**Exercise goal:** The result should be an exact copy of only the lines from the one holding "Download wallpaper MSC" through the last line of the data below, please, without pictures.

**Source data:**
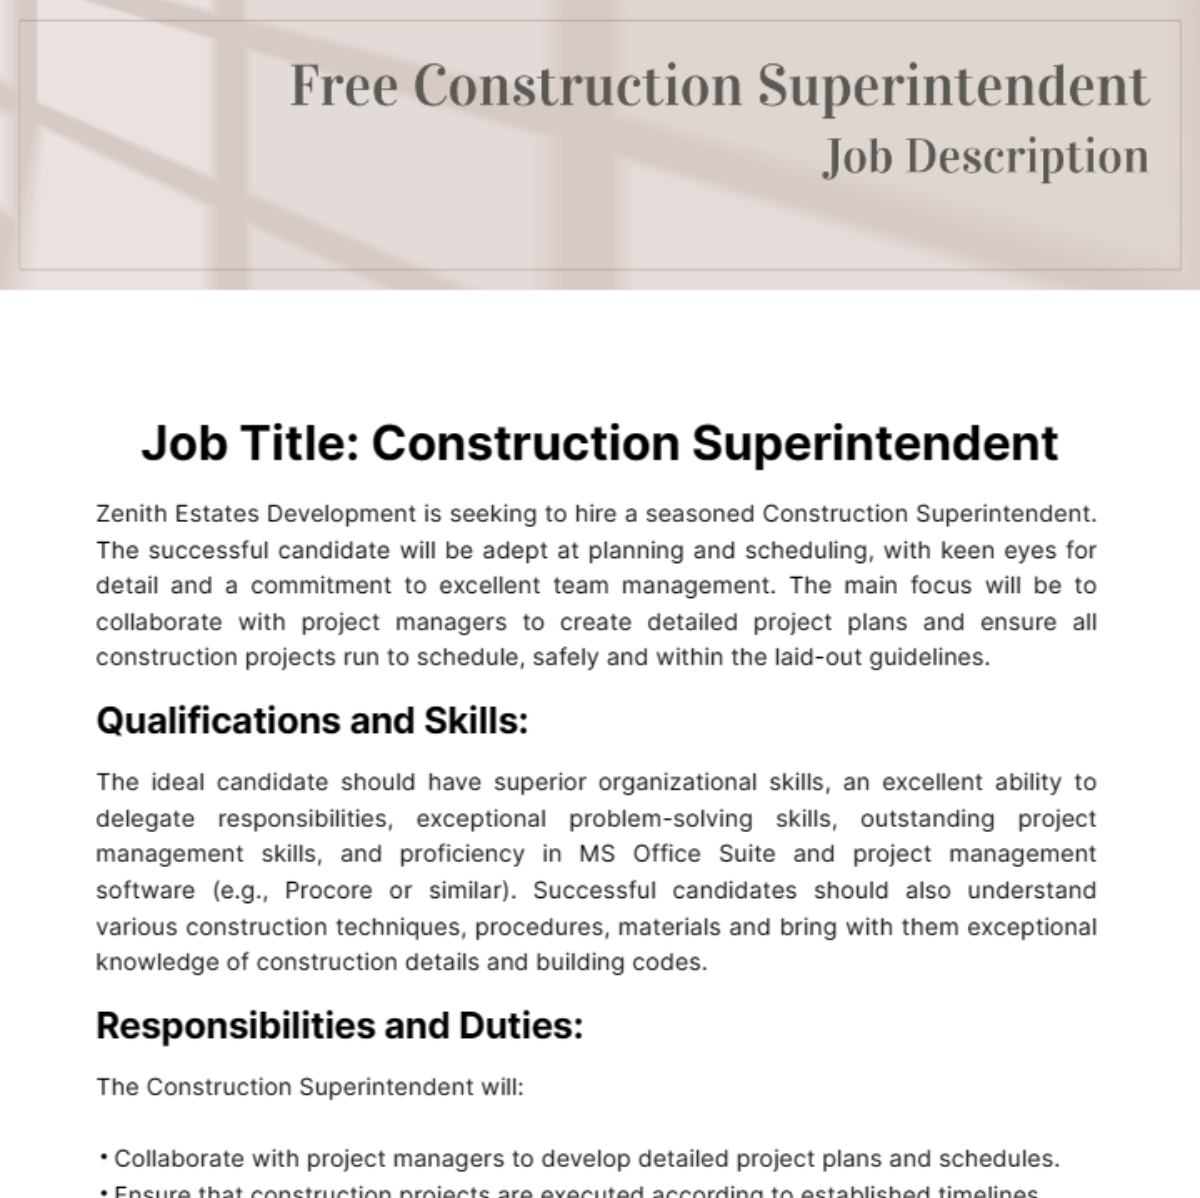 Free Construction Superintendent Job Description Template
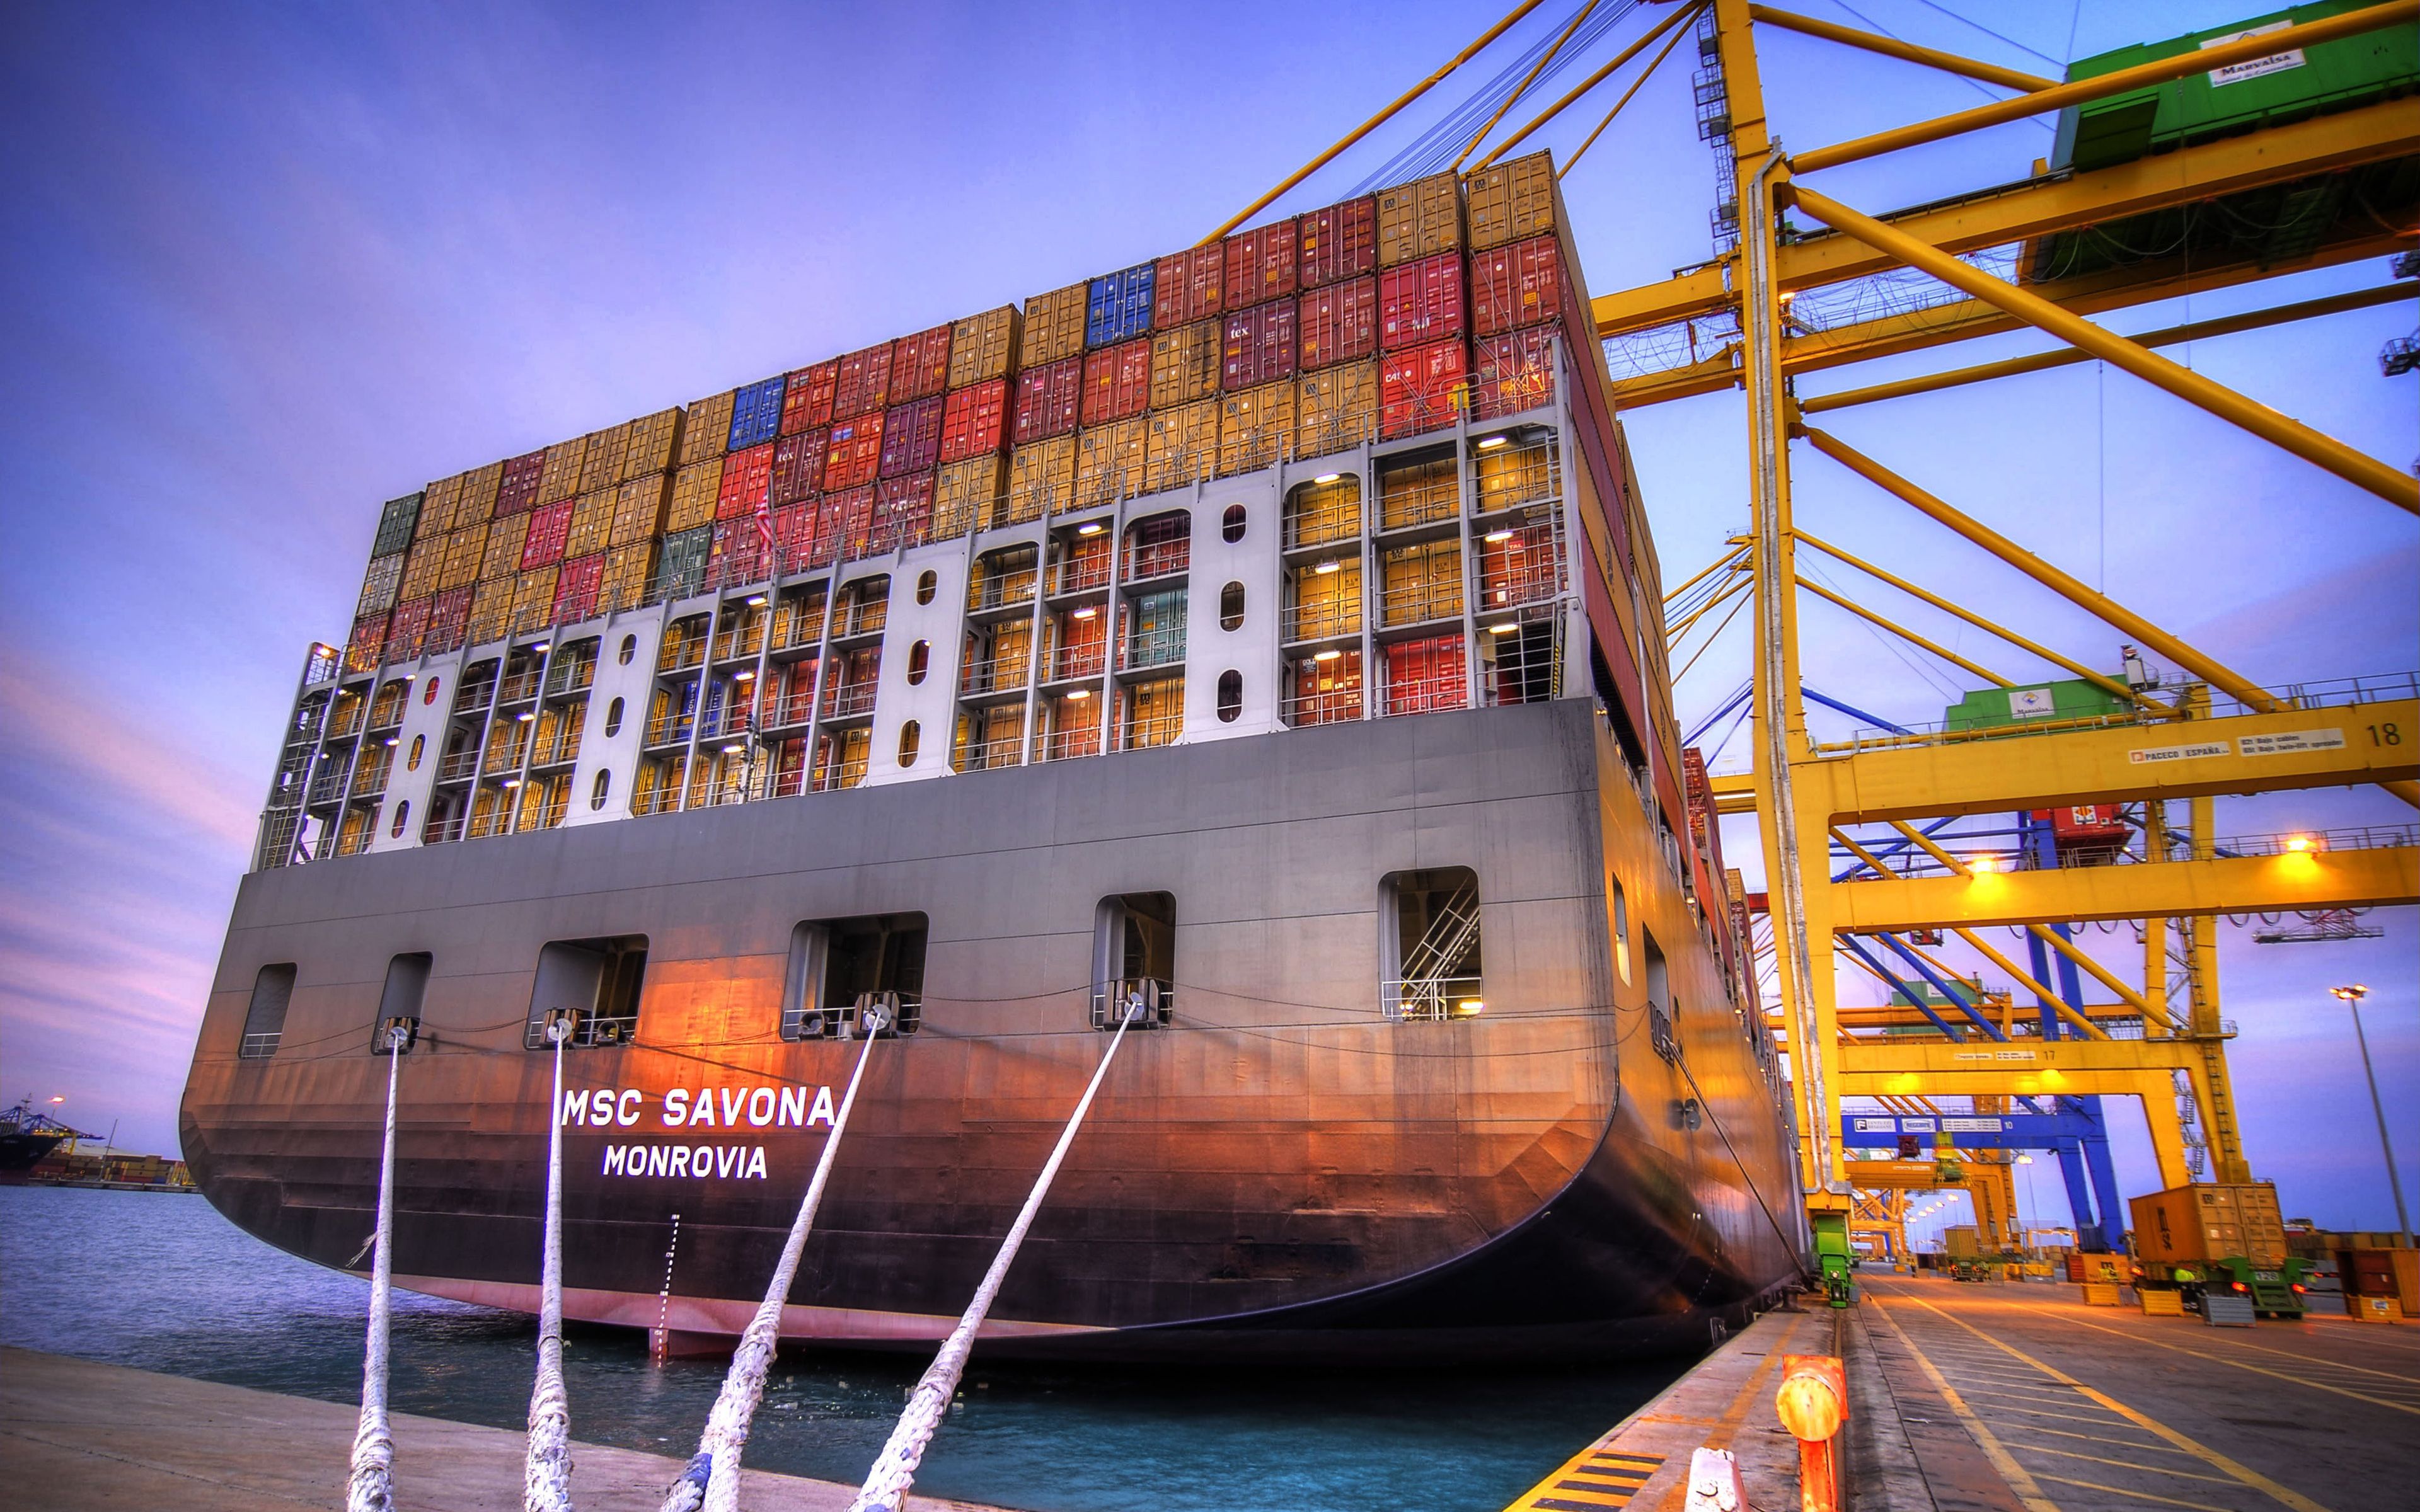 Download wallpaper MSC Savona, 4k, cargo ship, cargo transport
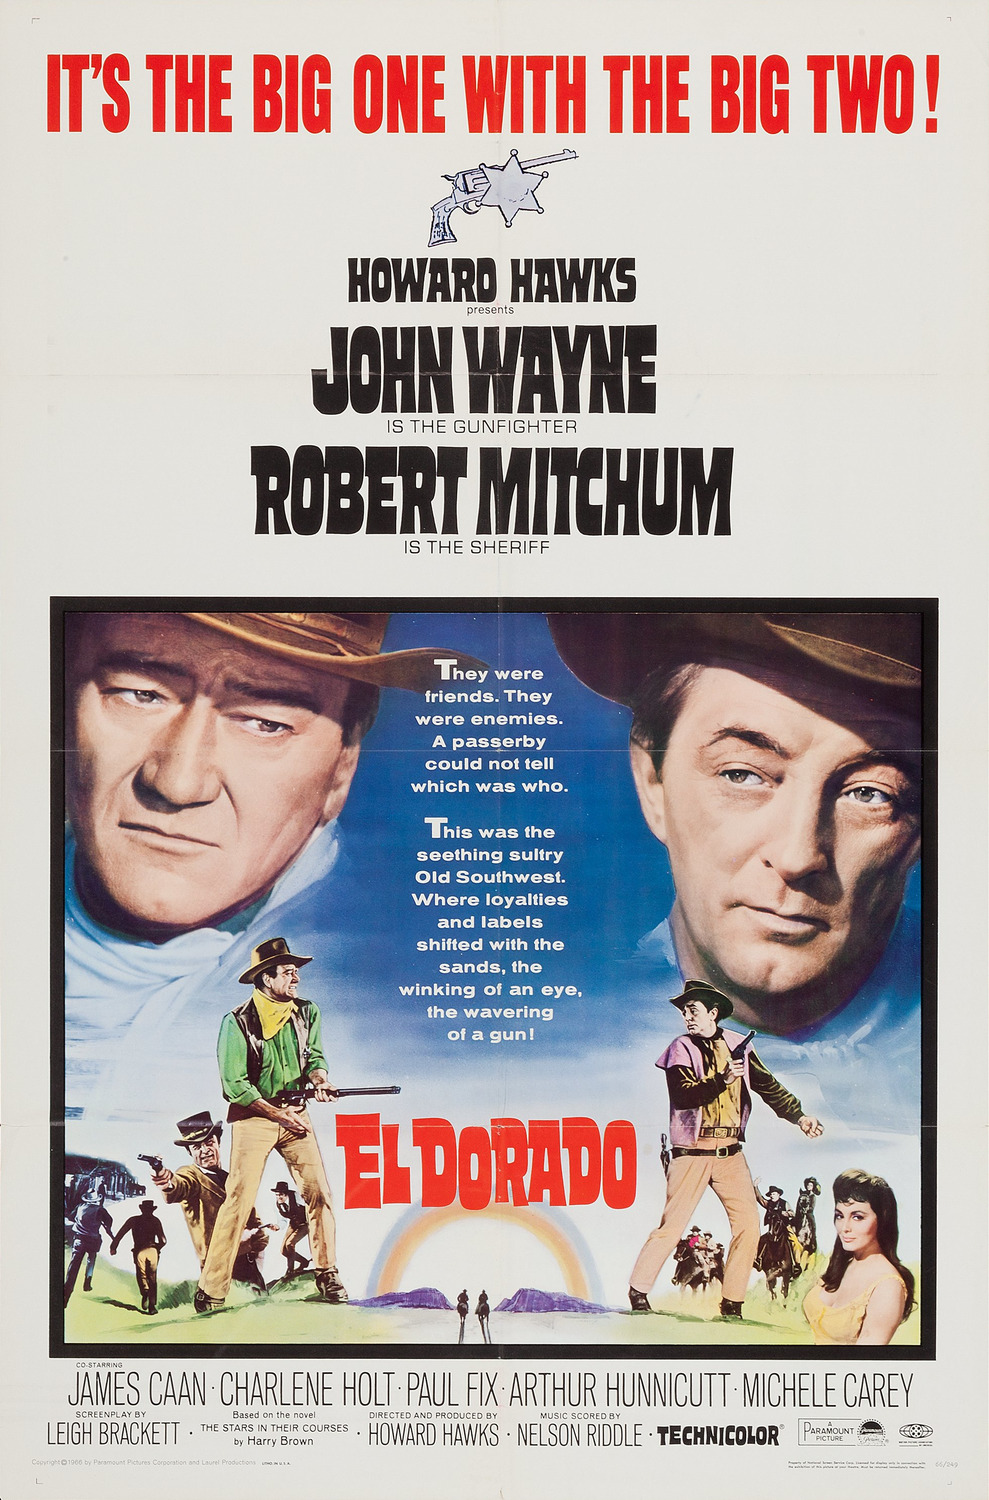 Extra Large Movie Poster Image for El Dorado (#1 of 2)

**Task output:**
 Download wallpaper MSC Savona, 4k, cargo ship, cargo transport
 Extra Large Movie Poster Image for El Dorado (#1 of 2)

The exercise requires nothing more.